Brown: CBD Link In 7 Years


Auckland Mayor Len Brown this afternoon promised the CBD rail link will be operational in 7 years - if he has his way.

And he told a news conference that he was determined it would happen as “the rail link is possibly the most critical element in Auckland’s transformation into a globally competitive urban centre.”

The business case for the link , released by the Mayor this afternoon, recommends the link be constructed and operational by mid-2020.

Launching the CBD business case study, he called the case compelling and added that he had campaigned on it and been given the mandate to act.

He said the project was comfortably over a BCR of 1 which was better than the Puhoi highway(0.8)  (At 8% discount rate it’s 3.5, 6% 4.7 and 4% 6.6.)
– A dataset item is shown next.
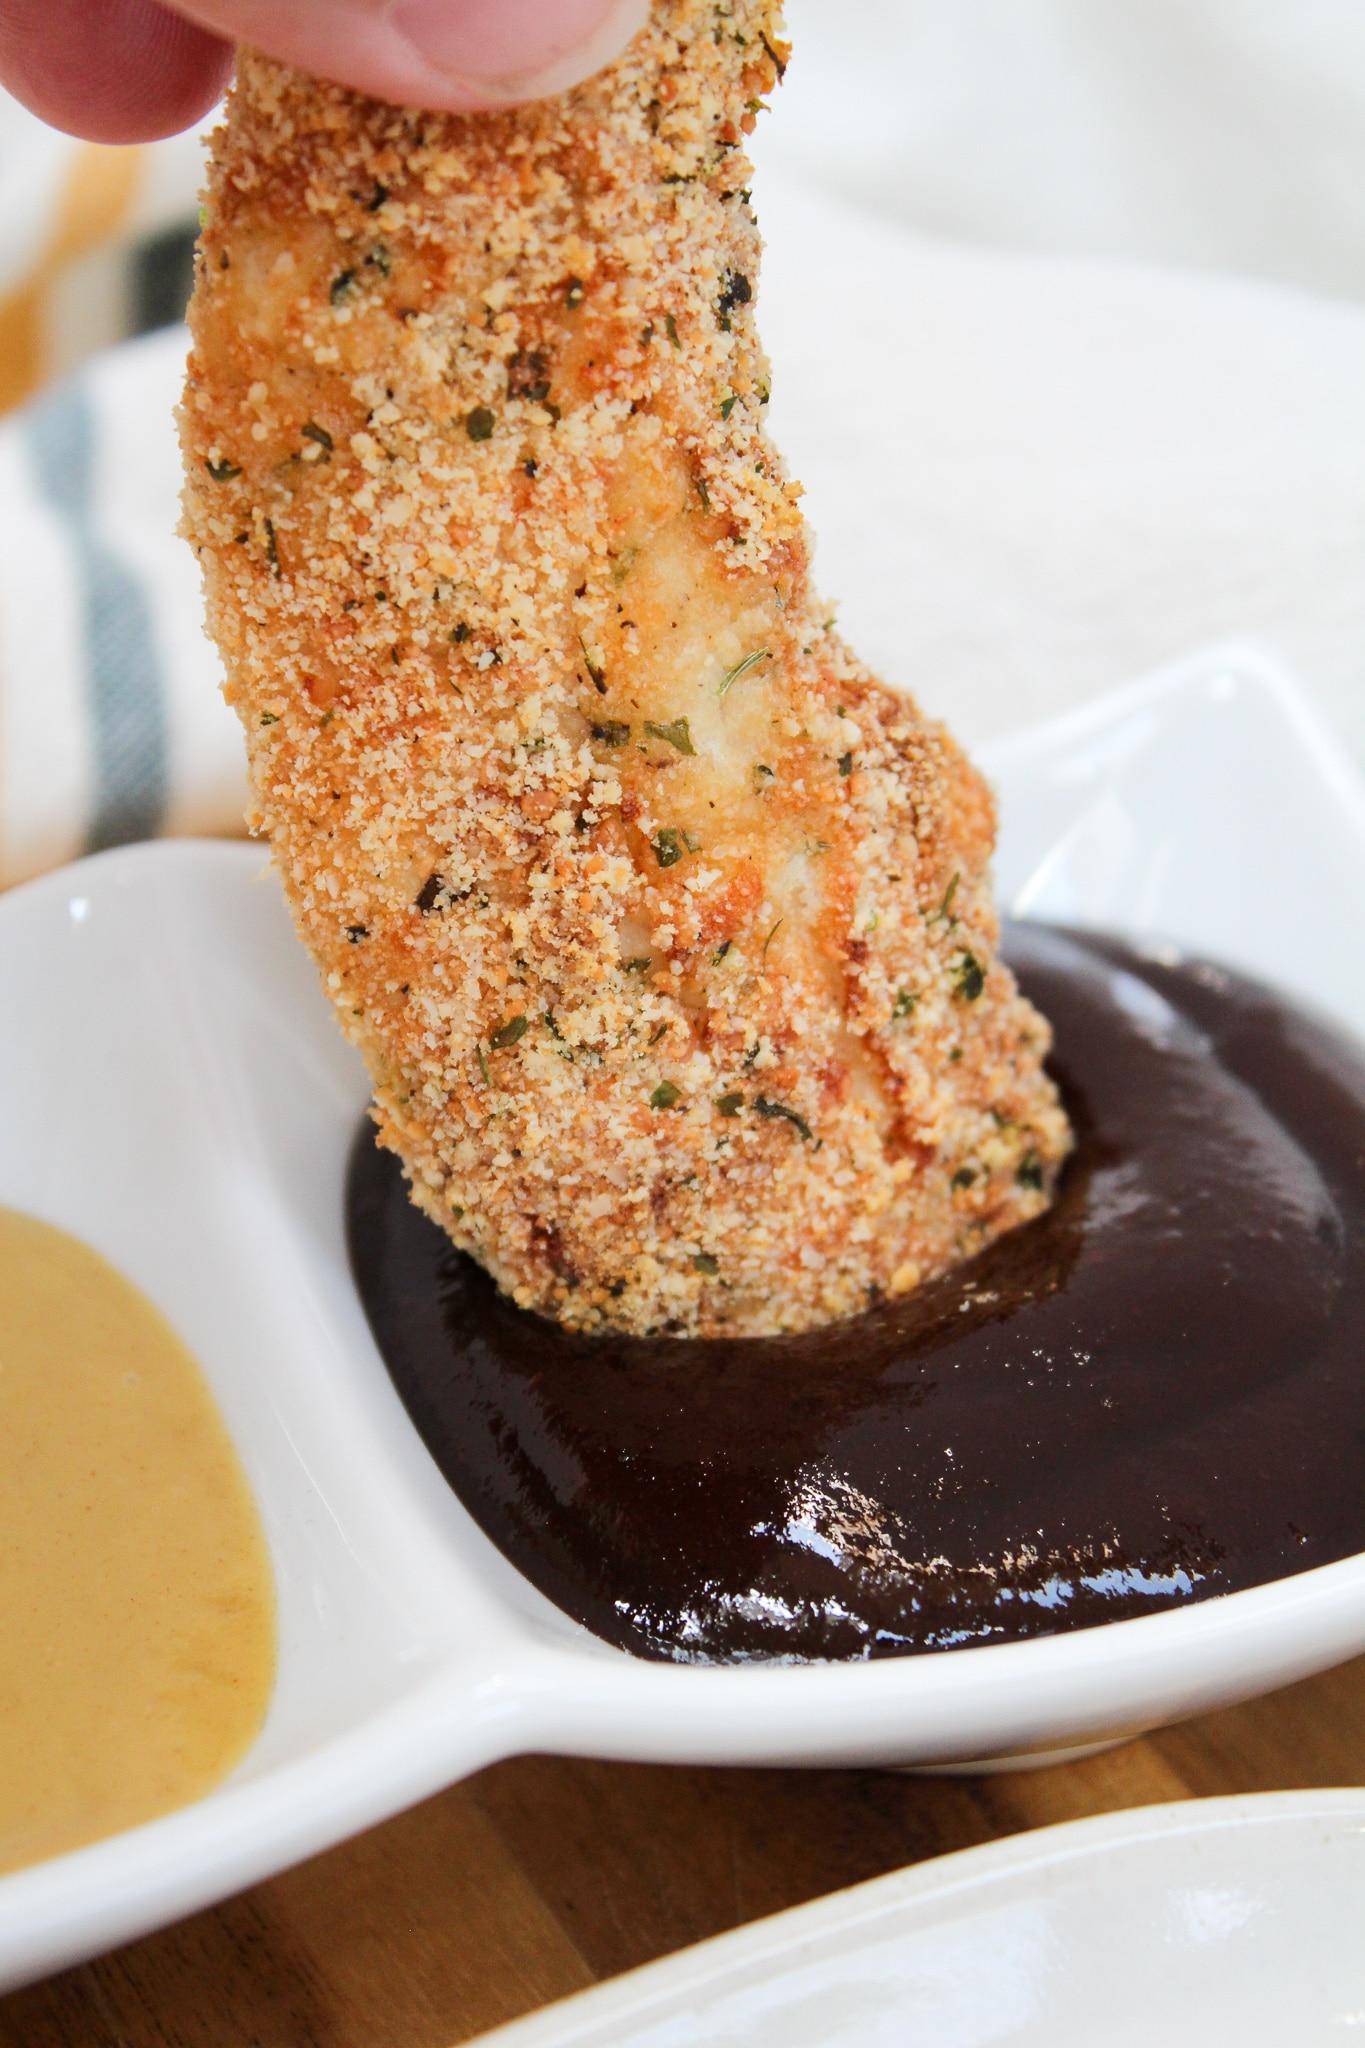 chicken tender with bbq sauce
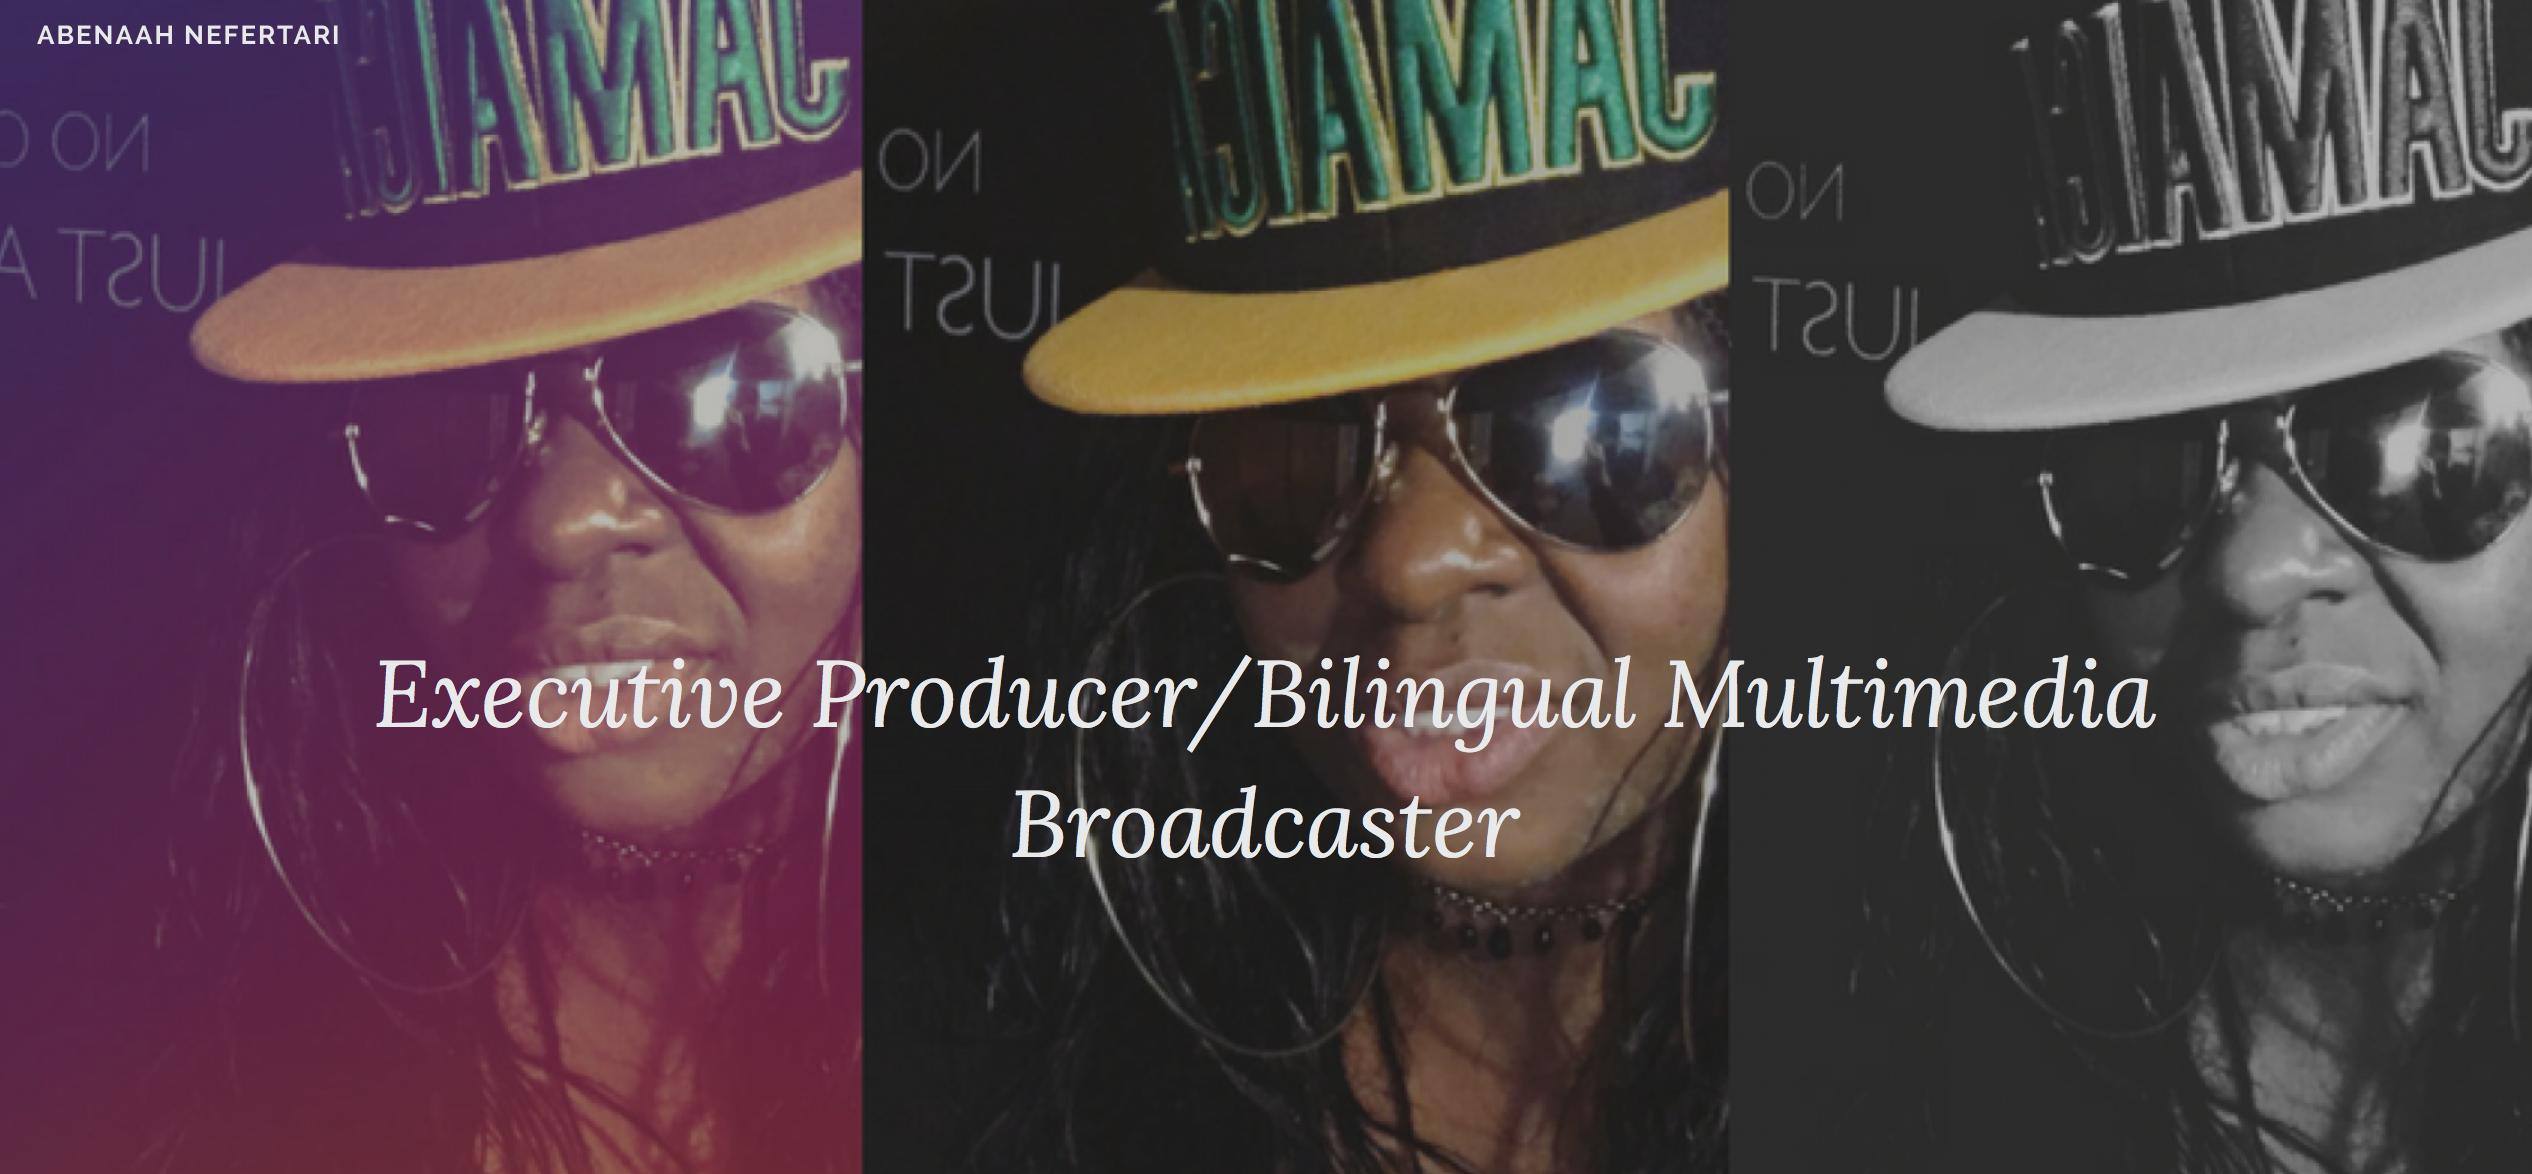 Meet Creator of No Critics @JustArtists , 🎬Executive Producer & Bilingual Multimedia Broadcaster📡www.AbenaahNefertariOfficial.com

“It very clearly sets out a cost benefit ratio of 1:1 which I think is salutory and directional in terms of what we are trying to achieve here. For example, the cost benefit ratio for the Puhoi motorway was .08 so it has a very good cost benefit ratio.”

He said the funding issue would lead to “interesting discussions” and he wasn’t going to detail his full thoughts on the specifics of how it would happen as it was complex.

But the public could be assured that it will be “funded from sources and done.”

He expected the government would be supportive as he as mayor had been given the mandate to provide the vision for making Auckland a world class city and this was an important part of achieving that.

Former mayor Chris Fletcher, now a C&R Councillor said that on this project Len Brown had full centre-right support.  She would not be drawn as to whether she supported the other rail projects  - airport rail and North Shore rail.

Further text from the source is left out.